Owing to foreign payment pressure and political uncertainty in Pakistan, and in the world, the rupee weakened 4% on Friday, with the inter-bank rate becoming Rs110 to the US dollar at one point of the currencies’ trade.
The inter-bank opened the day at Rs105.50 and touched Rs110 during the wee hours. It was trading at Rs108.50-Rs109 per US dollar 45-minutes before Friday break at 12.30pm.
“We are observing the situation… and will take action if needed,” spokesperson Abid Qamar of State Bank of Pakistan told to The Express Tribune on the phone.
The market is moving on its own fundamentals, there might be some payment pressure as well.

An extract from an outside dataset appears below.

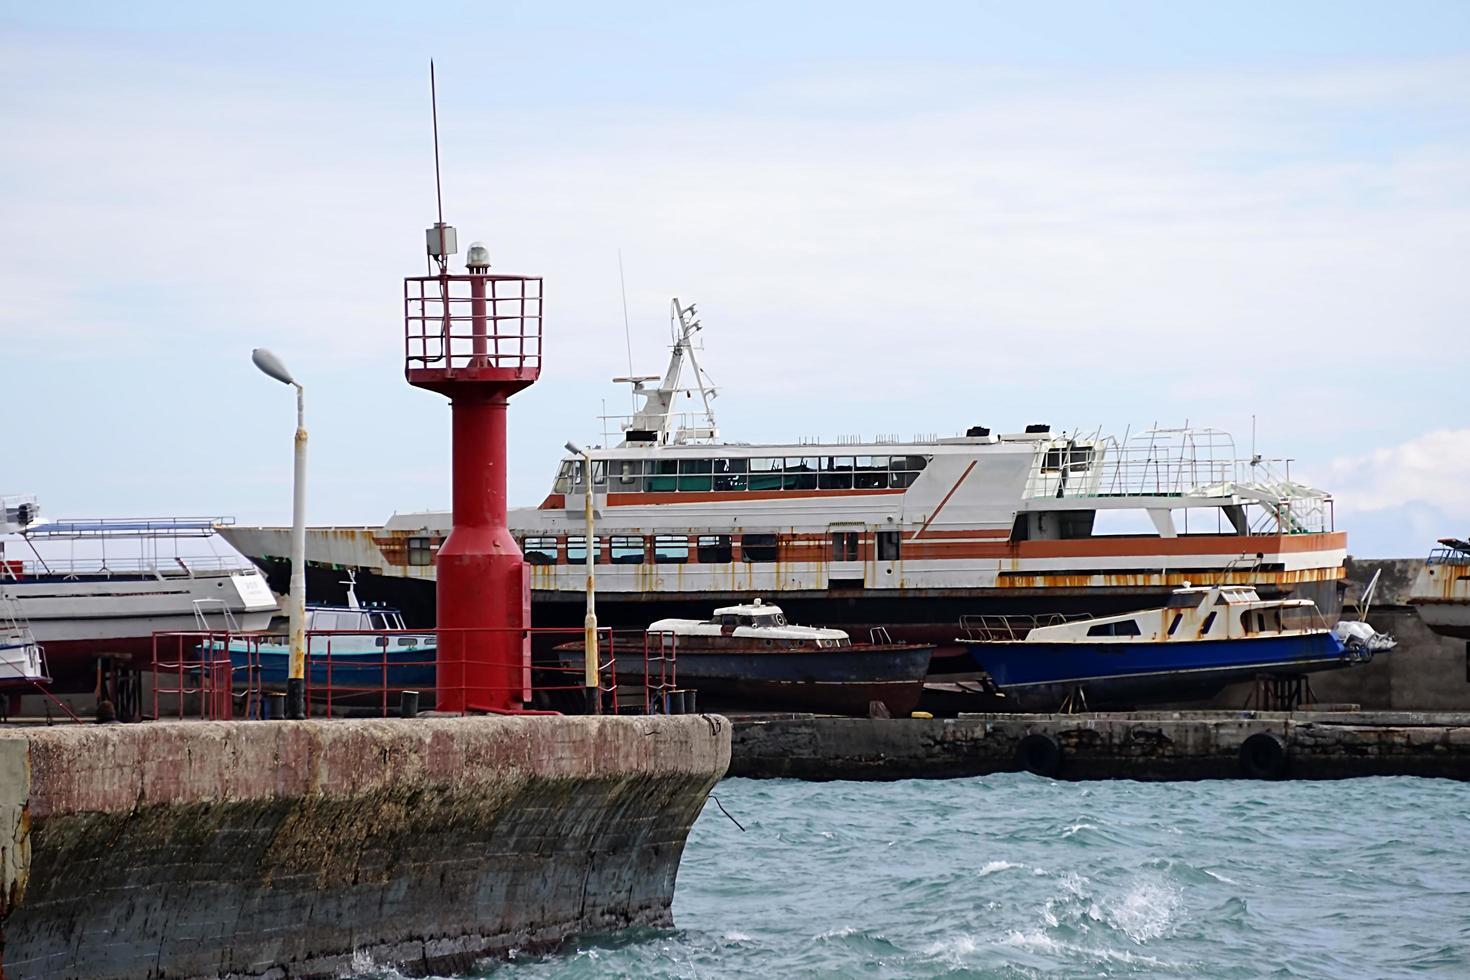 paisaje con vistas al puerto deportivo y los barcos antiguos. foto

If the situation doesn’t calm down, the central bank will take necessary action by the evening, he added.
The open market strictly followed movement in the inter-bank throughout its first session on Friday; the inter-bank market will resume at approximately 2:30pm.
President Forex Association of Pakistan Malik Bostan said there was no panic in the open market. “People have adopted the wait and see strategy following heavy losses sustained in July in a similar situation,” he said.

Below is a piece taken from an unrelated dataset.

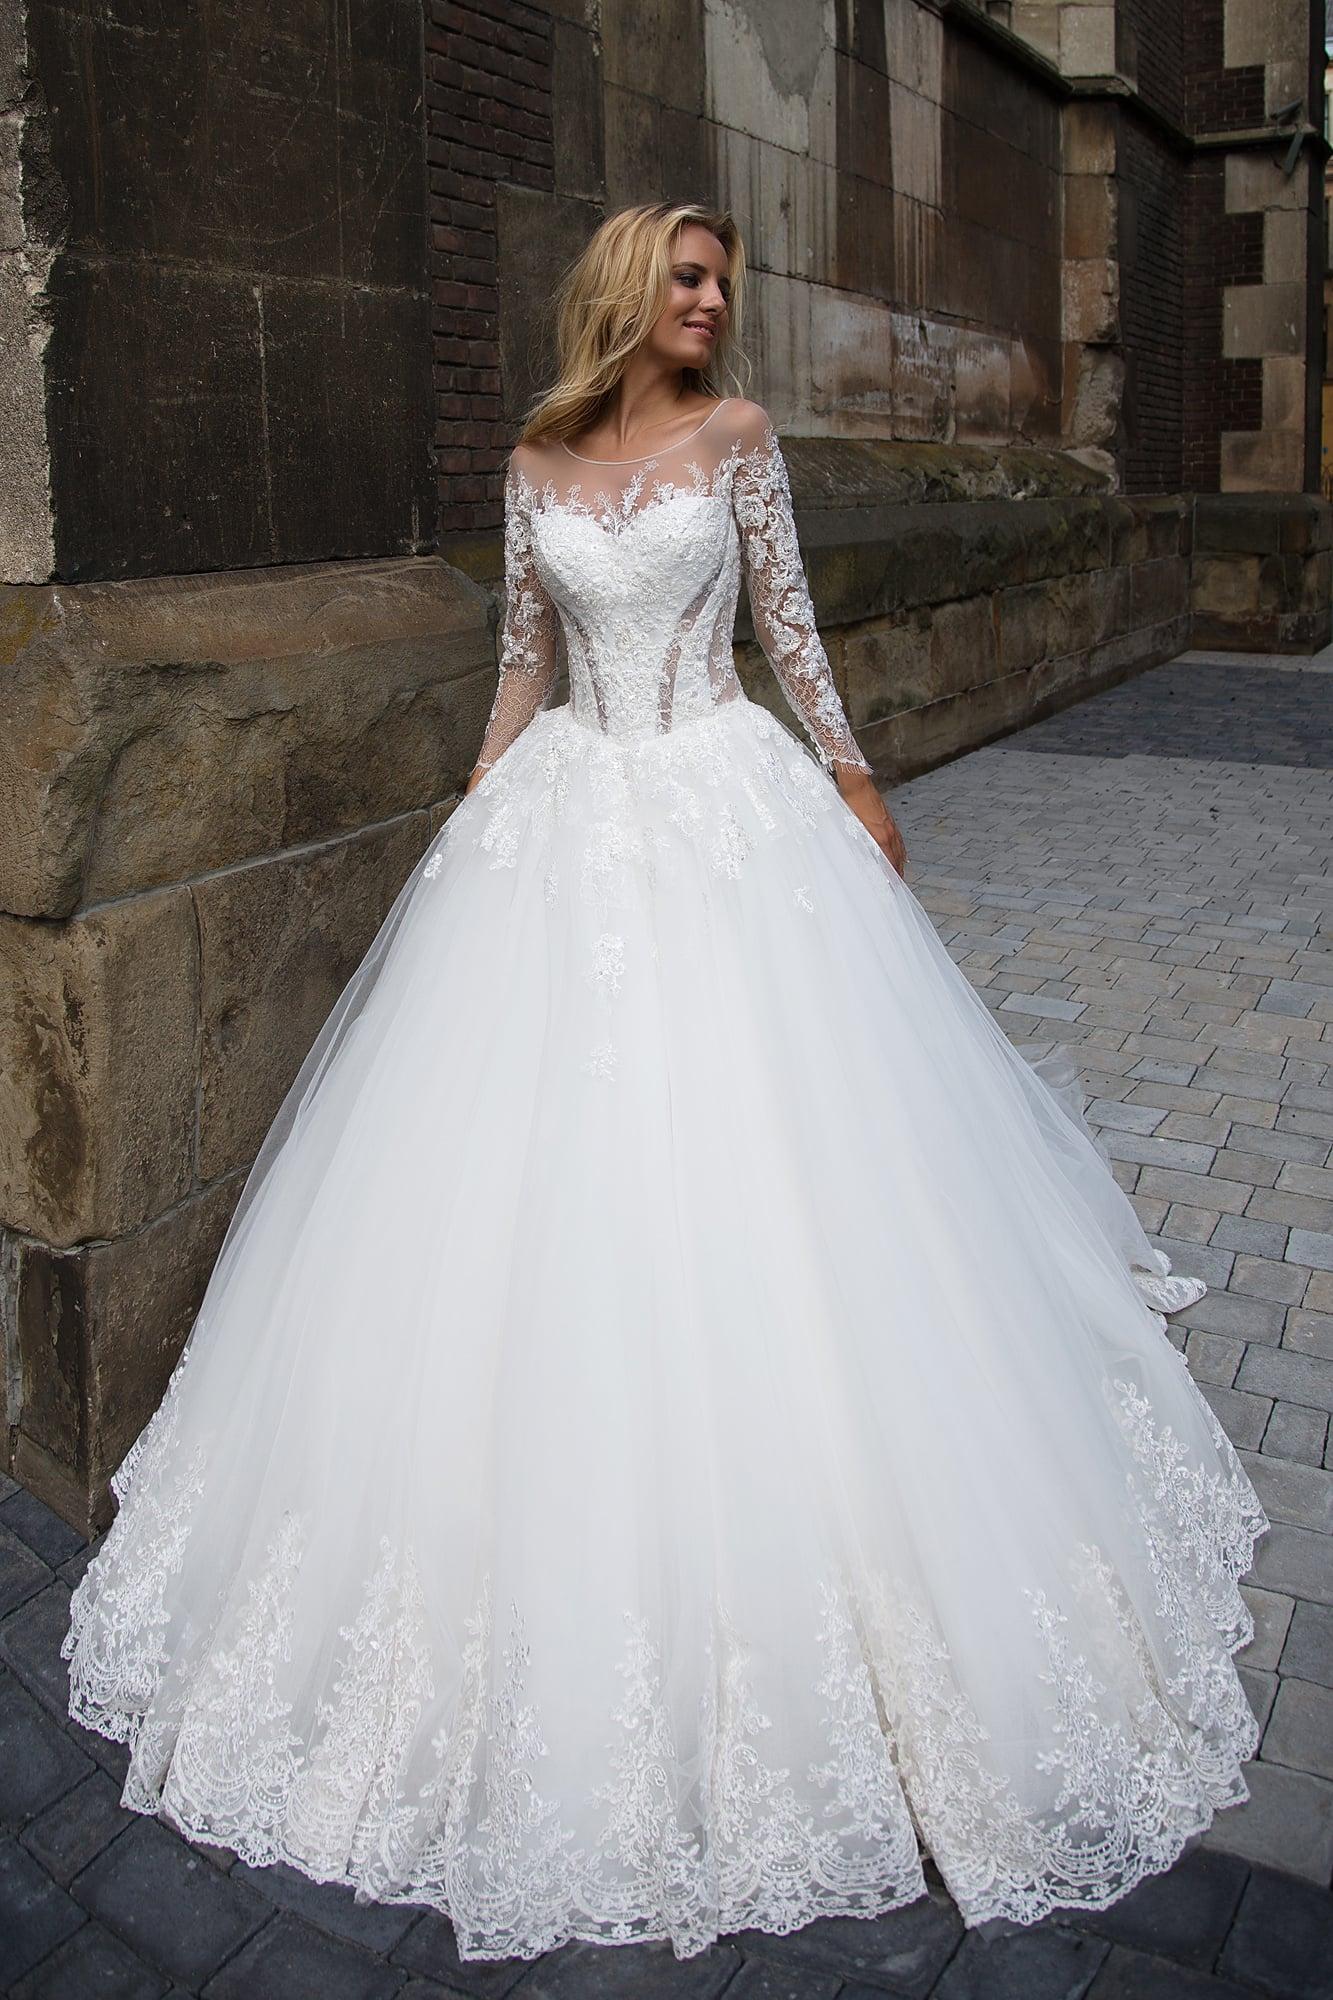 e60e7c3169e09d Очаровательное свадебное платье с пышной юбкой, украшенной по нижнему краю  подола кружевом.

“It seems the International Monetary Fund (IMF) has mounted pressure to devalue the rupee,” he said, adding, “if this is the situation the government must take the nation into confidence.”
With the political canvas changing everyday, including Pakistan Peoples Party (PPP) joining hands with the Pakistan Awami Tehreek (PAT) to demand the resignation of Punjab Chief Minister Shehbaz Sharif, or with Jamaat-e-Islami (JI) planning a street protest against US President Donald Trump’s decision to recognise Jerusalem as Israel’s capital — political uncertainty is sure to have its affect on the market.
Earlier in July 2017, the rupee lost 3.19% to Rs108.25 per US dollar for one day only in the inter-bank, but intervention by the then Finance Minister Ishaq Dar helped it recover to Rs105.70 per US dollar the next day.